Vistaprint Reports Q1 FY 2015 Year-Over-Year Revenue Growth of 21 Percent, to $333.9M
VENLO, NETHERLANDS—October 30, 2014—Vistaprint N.V., a leading online provider of professional marketing products and services to micro businesses and the home, has announced financial results for the three month period ended September 30, 2014, the first quarter of its 2015 fiscal year.
"We are off to a good start to fiscal 2015 and remain confident in our strategy and our ability to execute operationally," said Robert Keane, president and CEO. "Quarterly revenue was in line with our expectations for improved growth in our Vistaprint brand and strong growth from recent acquisitions. Profitability, operating cash flow and free cash flow were also strong. We continued to improve the customer value proposition for our Vistaprint brand, began to integrate our recent acquisitions, and accelerated investment in software for our mass customization platform."
Consolidated Financial Metrics:
- Revenue for the first quarter of fiscal year 2015 was $333.9 million, a 21 percent increase compared to revenue of $275.1 million reported in the same quarter a year ago. Excluding the estimated impact from currency exchange rate fluctuations and revenue from businesses acquired during the past twelve months, total revenue grew 6 percent year over year in the first quarter.
- Gross margin (revenue minus the cost of revenue as a percent of total revenue) in the first quarter was 61.0 percent, down from 65.2 percent in the same quarter a year ago. The year-over-year reduction in gross margin was primarily due to its recent acquisitions of People & Print Group and Pixartprinting, which have lower gross margins than its Vistaprint-branded business. Excluding the businesses we acquired during the past 12 months, its gross margin increased slightly year over year.

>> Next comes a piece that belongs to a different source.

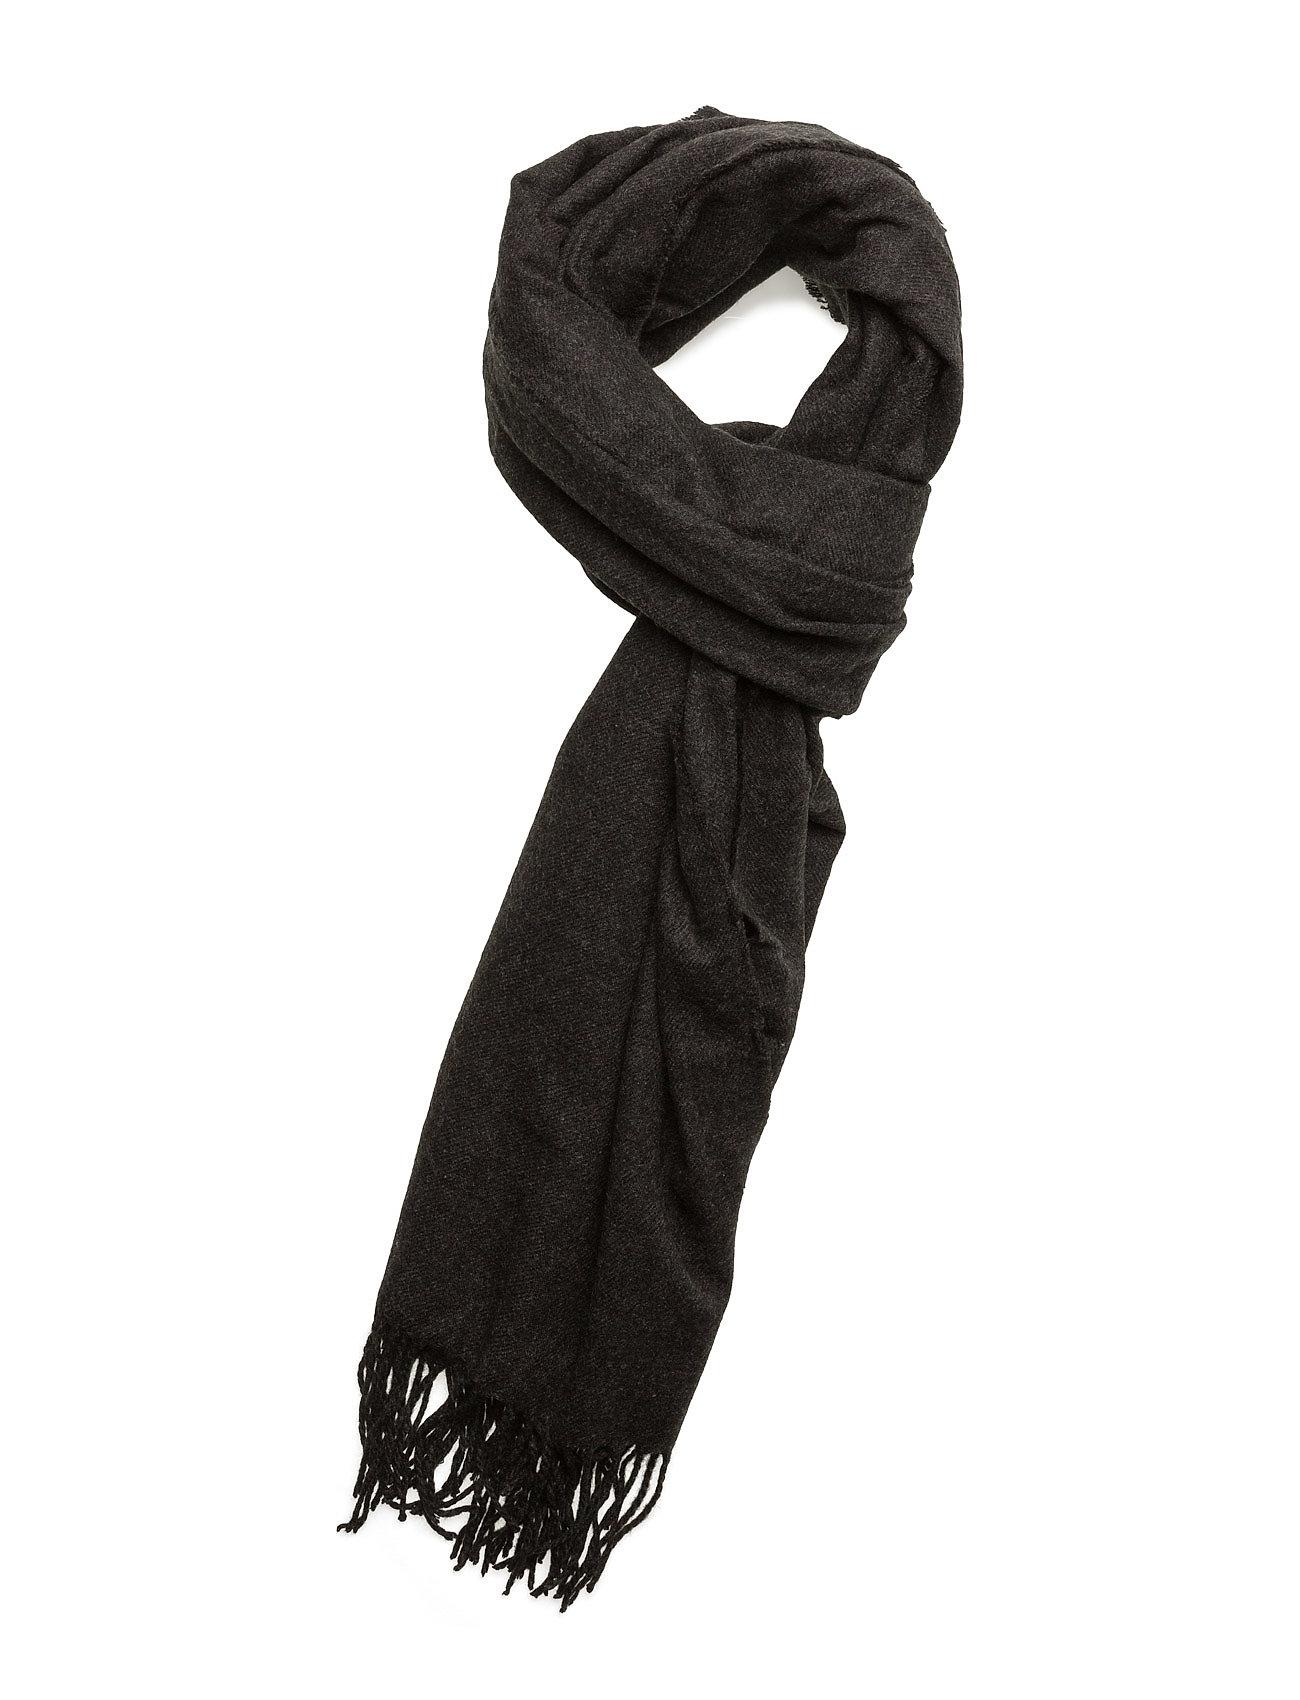 Solid color scarf fra unmade copenhagen på boozt.com dk

- Operating income in the first quarter was $16.9 million, or 5.1 percent of revenue, a significant increase compared to $8.4 million, or 3.1 percent of revenue, in the same quarter a year ago.
- GAAP net income for the first quarter was $23.7 million, or 7.1 percent of revenue, compared to $0.4 million, or 0.1 percent of revenue in the same quarter a year ago. Part of the significant year-over-year growth in GAAP net income is due to below-the-line currency movements which created losses in the year-ago period but gains in the current period.
- GAAP net income per diluted share for the first quarter was $0.71, versus $0.01 in the same quarter a year ago, due in part to the currency movements described above.
- Non-GAAP adjusted net income for the first quarter, which excludes amortization expense for acquisition-related intangible assets, tax charges related to the alignment of acquisition-related intellectual property with its operational structure, the change in the fair-value estimate of its acquisition-related earn-outs, unrealized currency gains and losses on currency hedges and intercompany financing arrangements included in net income, and share-based compensation expense and its related tax effect, was $28.8 million, or 8.6 percent of revenue, representing a 79 percent increase compared to $16.1 million, or 5.9 percent of revenue, in the same quarter a year ago.
- Non-GAAP adjusted net income per diluted share for the first quarter, as defined above, was $0.86, versus $0.46 in the same quarter a year ago.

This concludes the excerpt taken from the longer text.